Published: January 2024 (2 years ago) in issue Nº 414
Keywords: Exhibitions, Centre d’Art, Abstract expressionism, Paintings, Sculptures, Drawings, Architects and Art
References: Roger Anger
Exhibition, Roger the Artist

2 Roger art (8)
Roger Anger was not only an architect but also an artist. His artistic manner echoes his architectural sensibility but with a freer and more unbound expression. His artworks testify to a deep, introspective journey, combining shapes, colours, and textures in a subtle and haunting way.
The current exhibition is a tribute to the different facets of his extraordinary, free, and joyful personality, and shows how essential art was in the artist's life and his memory.
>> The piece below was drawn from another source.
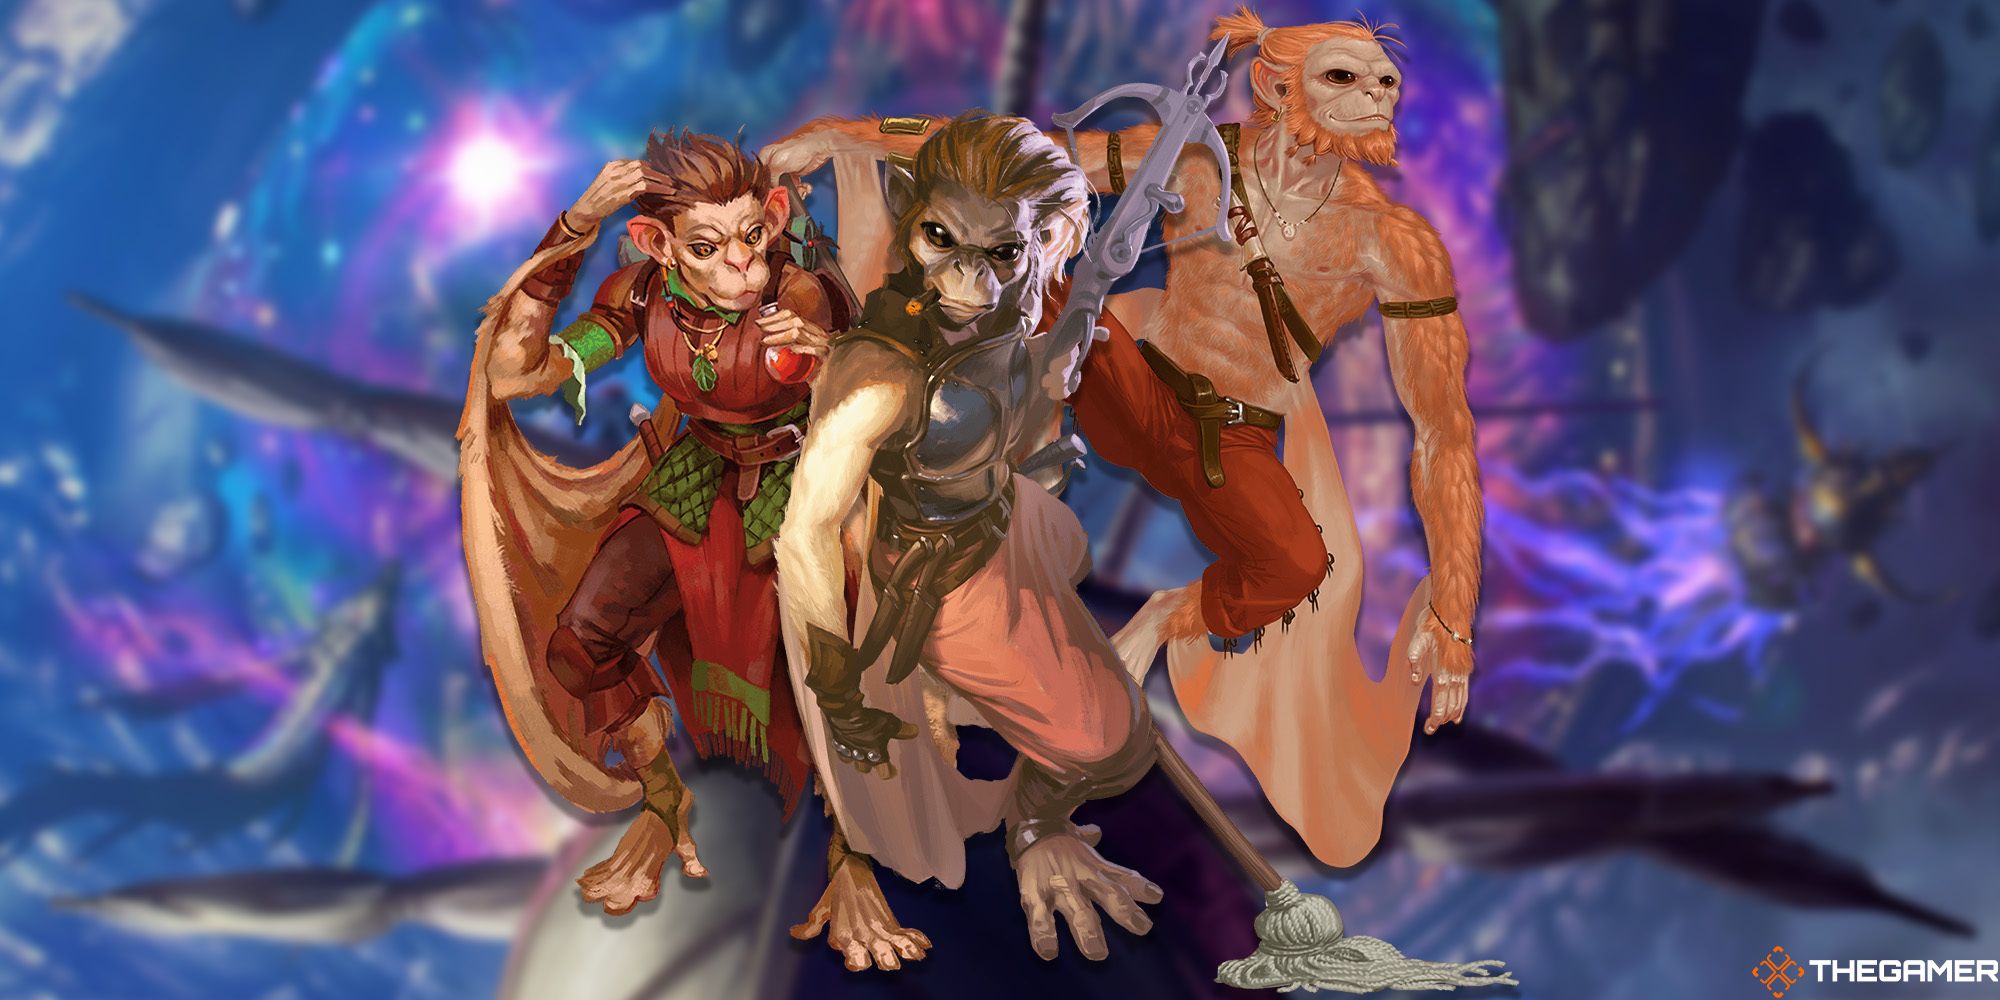 Image showing three different members of the Hadozee race from the D&D Spelljammer setting.

Roger Anger's abstract work process, objects, and image asks questions, revises, and rewrites itself in the process of making. His artworks evoke a multitude of timeless gestures and iconic images but are positioned in a new context, generating a multifaceted combination of actions, methods, and possibilities that probe the full range of artistic expression. The artist aims to convey the complex, nature of the human experience through a harmonious ensemble, using a symphonic range of traces and lines. His art raises questions about the difference between thinking, seeing, and living.
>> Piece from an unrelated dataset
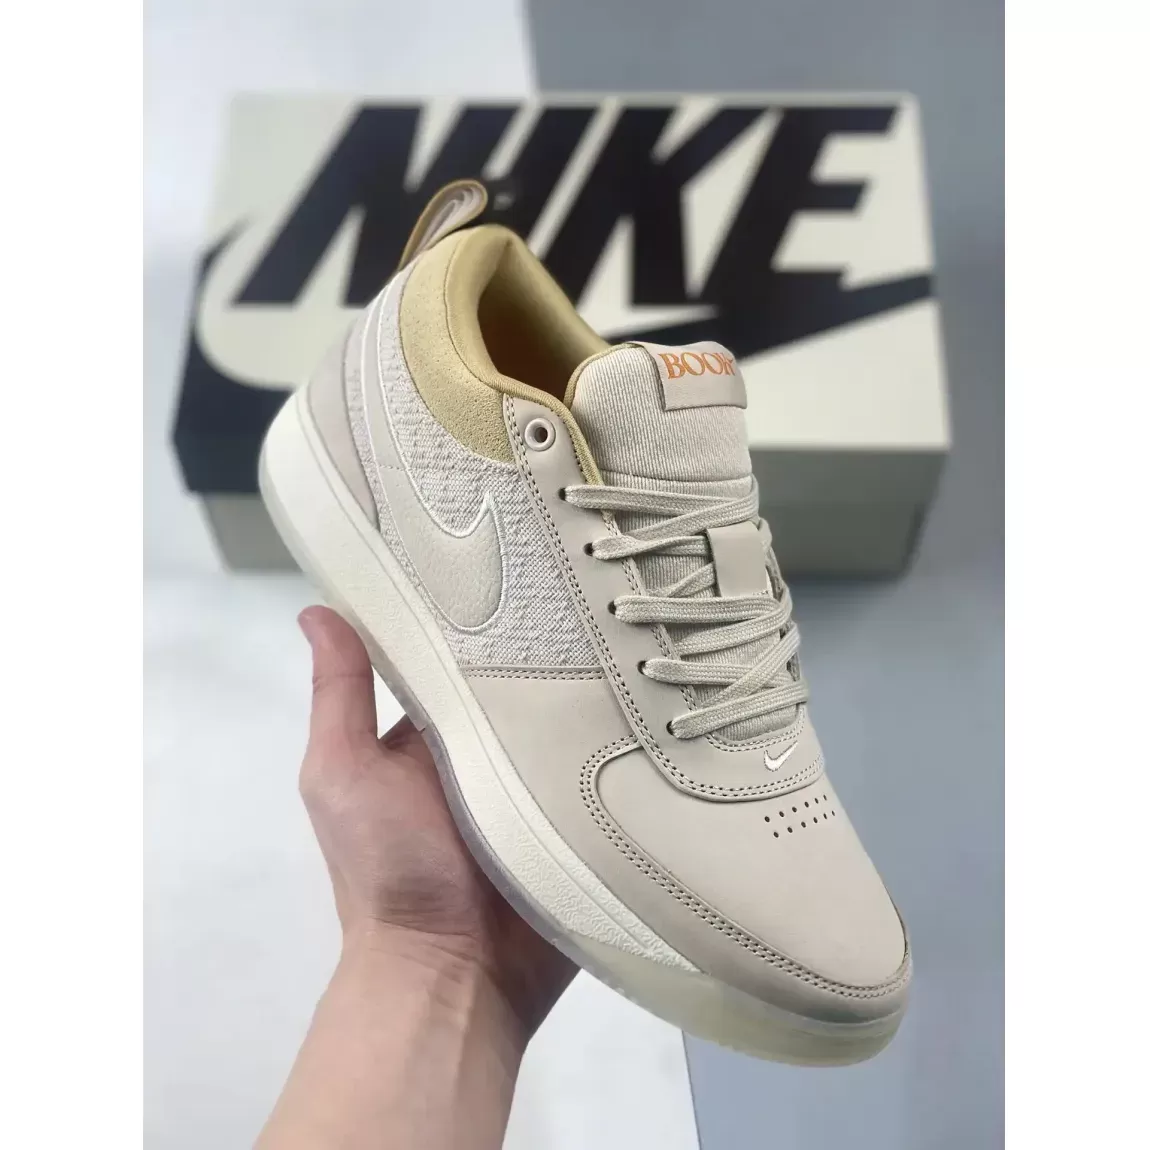 Nike Book 1 Light Orewood Brown/Sesame-Sail New Arrival For Sale

Roger Anger further reduces his pictorial content and reaches a point of almost complete abstraction in this group of works; they are influenced by memories, feelings, and humor.
Throughout the works, the figures are arranged in an impressive natural structure that defines the dynamics of the painting. There is an impression of weightlessness and supernatural transparency given by Roger Anger to these semi-abstract figures. However, as they blend, their appearance and movements ultimately lend a visual monumentality to the depiction. Roger Anger's imagination matches this perfectly, both in terms of the surface and landscape, but it's a more personal recollection than a precise visual reference; it's vague, appearing and disappearing again.
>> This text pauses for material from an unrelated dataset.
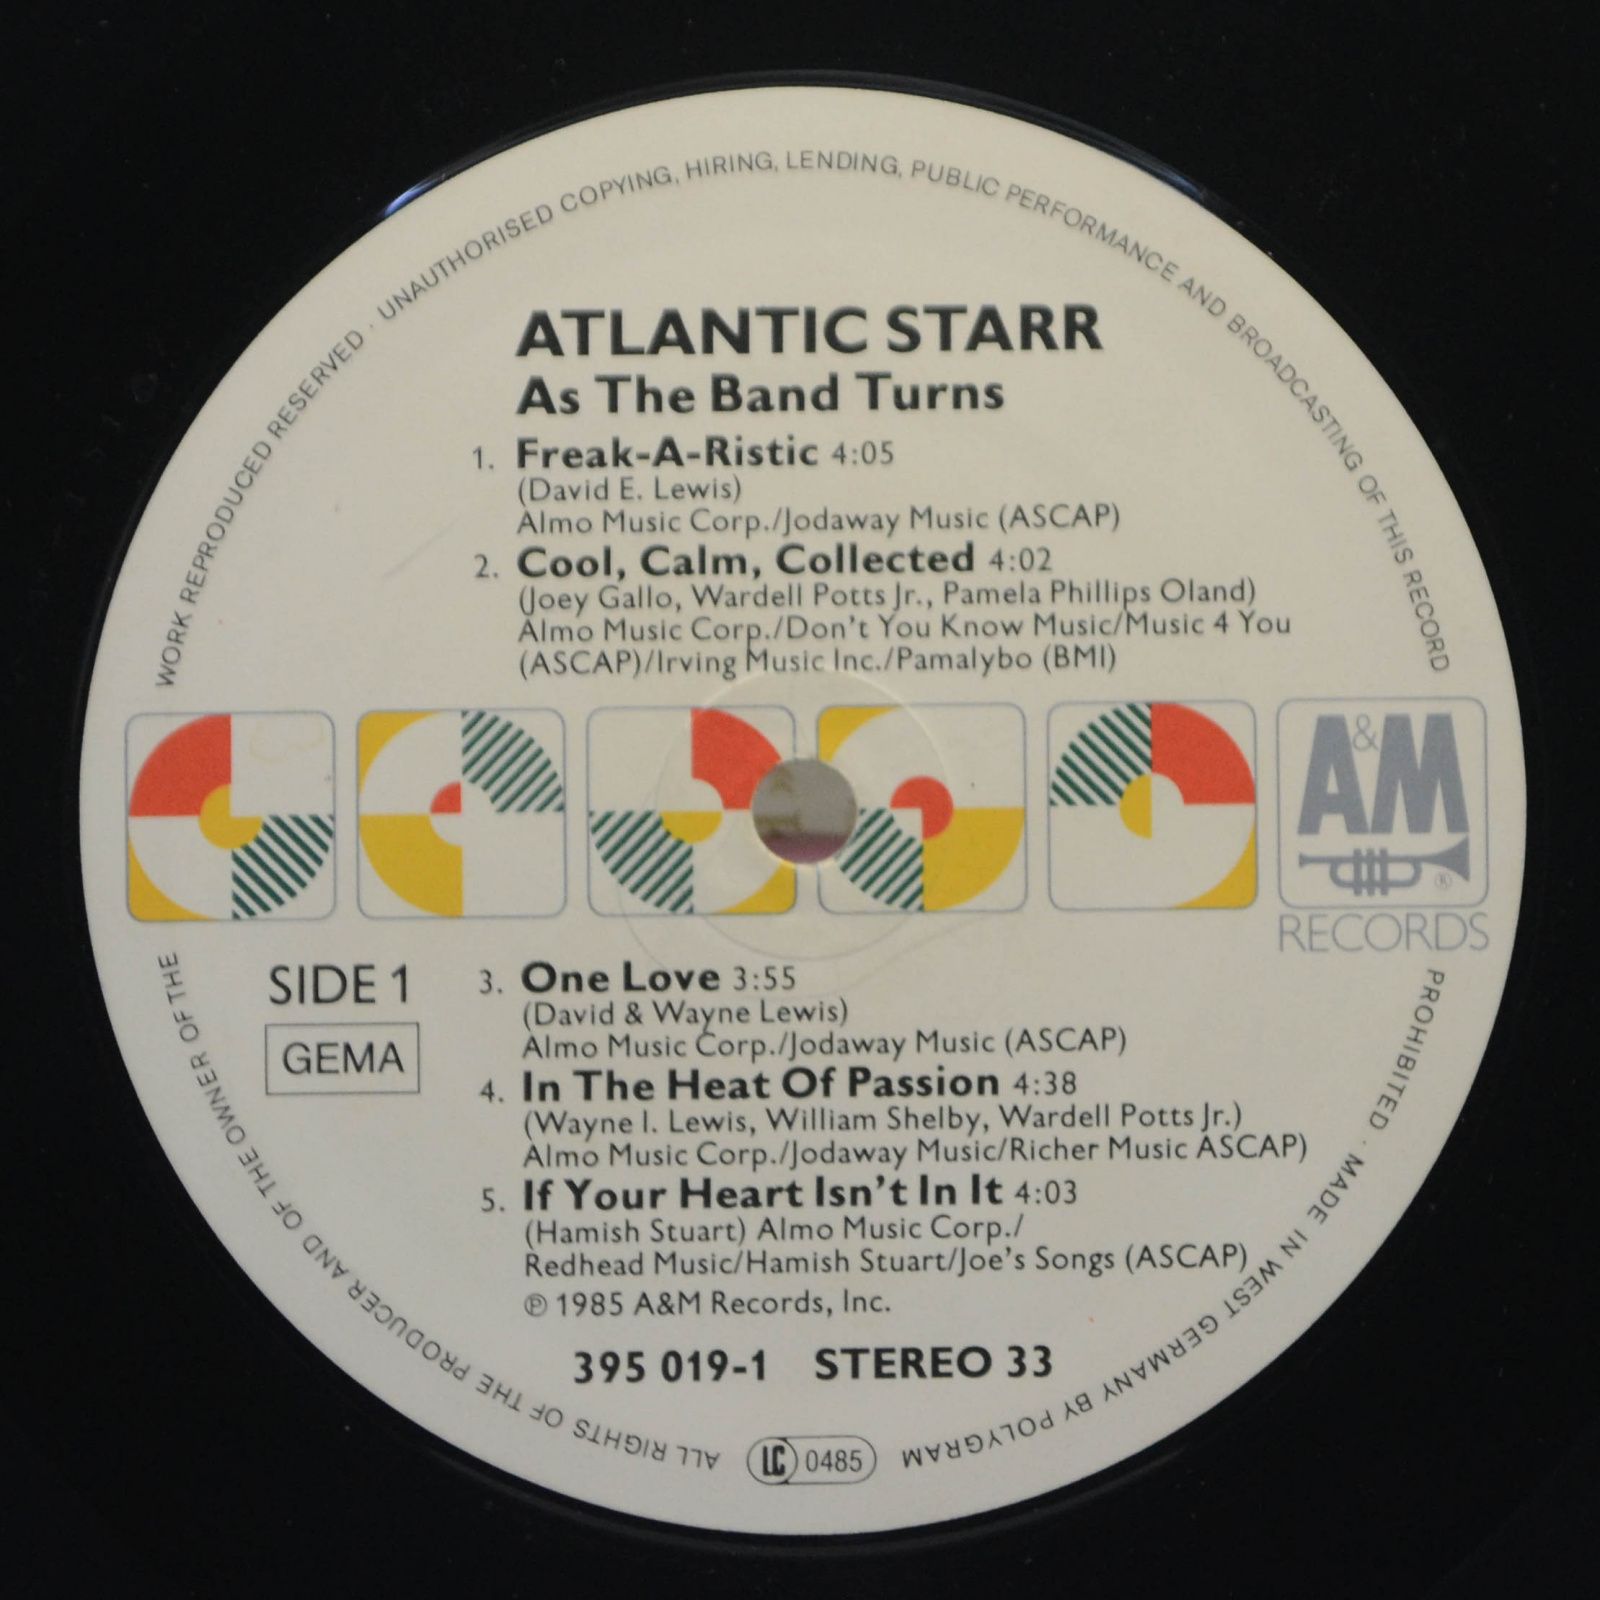 Atlantic Starr — As The Band Turns, 1985

Roger Anger, the artist, has moved to the interface between architecture and art.
His visions are not simple building structures, but poetic compositions of light, colours, and shapes. In a world that often draws boundaries between 'practical' and 'aesthetic', Roger Anger combined these two dimensions. His works are testaments to a deep sensitivity to beauty and its resonance with human emotion. With a fine balance between modernity and timeless aesthetics, he has transformed the material into living works of art that carry a universal quality that combines the specific and the infinite, the material and the ephemeral.